Another 35.5% are prioritizing leadership and people management skills; a notable statistic given that effective management remains uniquely human and cannot be replicated by technology. The plan to upskill also addresses a known gap: studies show that 82% of managers step into leadership positions without receiving any formal training.
Commenting on the findings, Raymond lee, President of Careerminds, explains:
“We’re seeing a clear shift in how HR leaders are approaching talent needs. Instead of defaulting to external hires, many are upskilling and reskilling their existing workforce. This not only helps to control costs in a tighter budget environment but also strengthens employee loyalty.”
“The rapid growth and adoption of Artificial Intelligence has introduced an area where skills are becoming obsolete; however, we’re seeing a clear shift in how HR leaders are approaching talent needs. They’re prioritizing skills such as risk management and leadership to fill essential gaps that aren’t filled by artificial intelligence.”
“By upskilling employees, we expect to see an uptick in not only retention rates across the market over the coming months but also overall employee satisfaction at work. After all, upskilled employees are satisfied employees.”
Career Frameworks: Building Growth in a Frozen Market
With hiring slowed and employees choosing stability over job changes, companies need new ways to create movement inside their organizations. Our research shows HR leaders are already turning to upskilling and internal mobility to fill important roles and that’s exactly where career frameworks can make a difference.
A clear, well-communicated career framework provides employees with visibility on how they can grow, while giving leaders a structure to align talent strategy with wider business goals.
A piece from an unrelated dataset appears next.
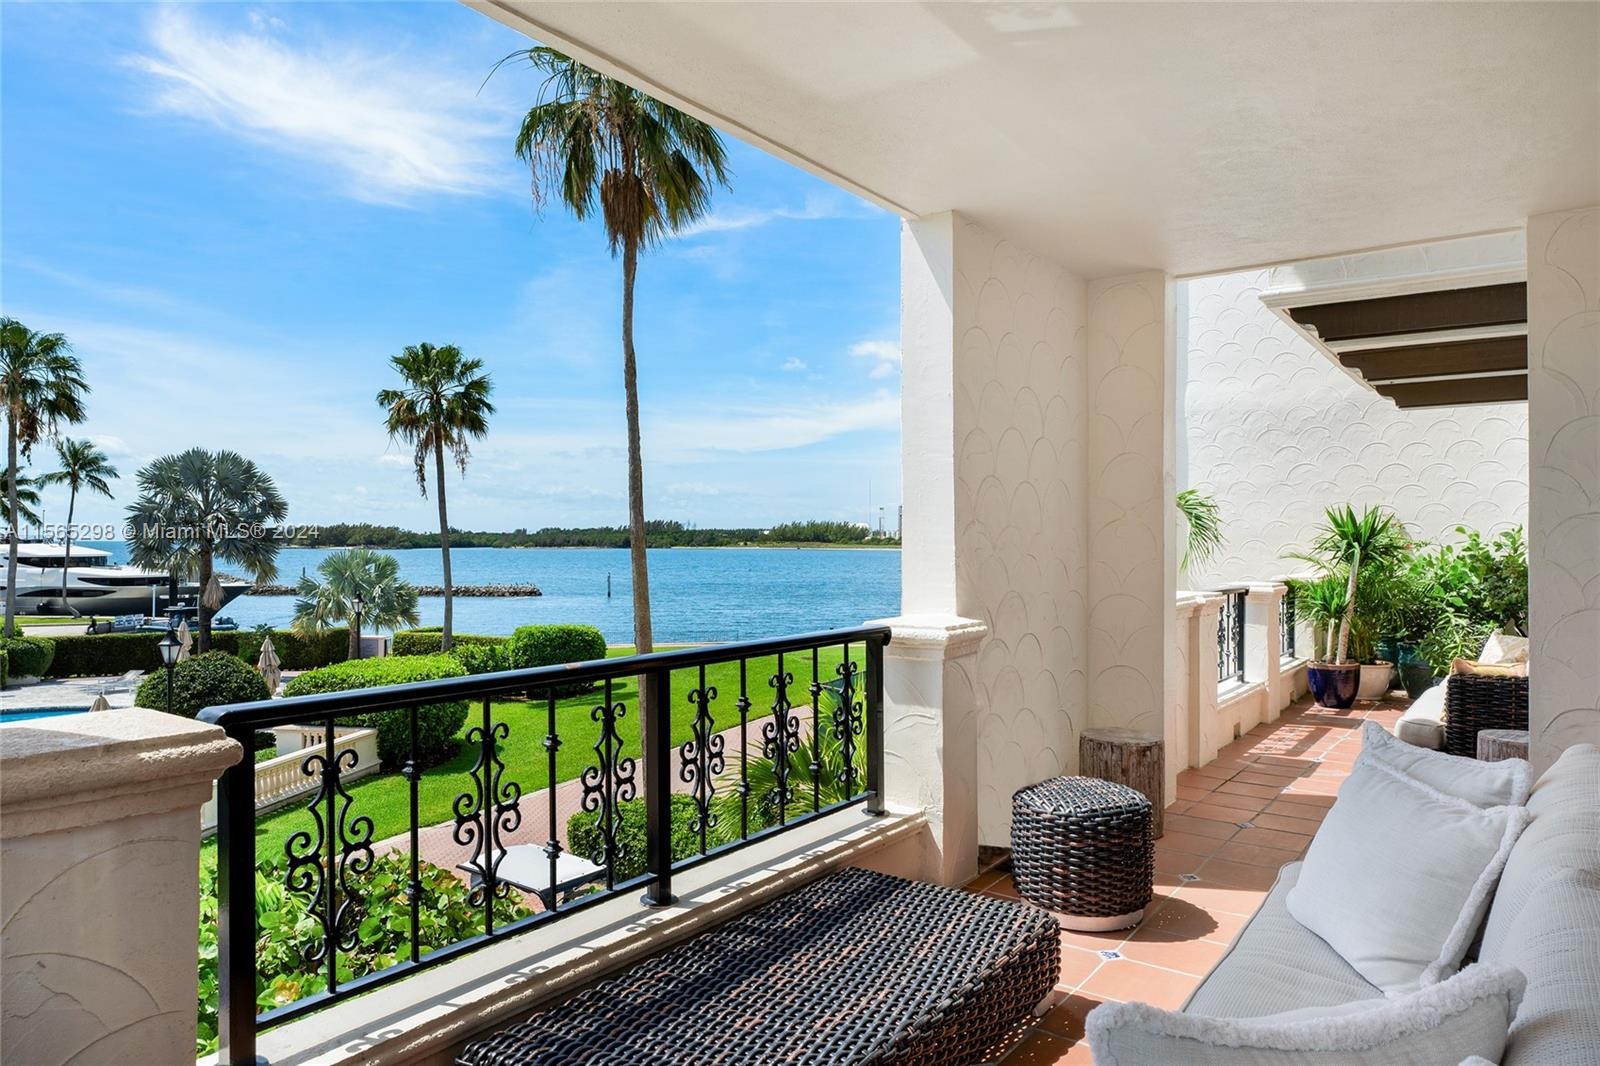 29. 2221 Fisher Island Dr

By mapping our skill development and career ladders, organizations can:
- Improve retention and strengthen employee loyalty
- Boost motivation and trust in leadership
- Enhance employer branding by showing clear growth opportunities
- Control costs by reducing reliance on external hires
Careerminds’ Career Frameworks tool brings this to life by allowing employees to track skill expansion over time and giving managers real data to support one-on-one and progression conversations. It’s a cost-effective way to keep talent engaged and essential roles filled, even in a frozen market.
Career Frameworks is now part of the comprehensive suite of services offered by Careerminds, alongside our renowned outplacement services and career coaching.
Methodology:
This report is based on a survey conducted by Careerminds in August 2025, gathering insights from 600 HR professionals across the United States. All respondents were currently working in full-time HR roles.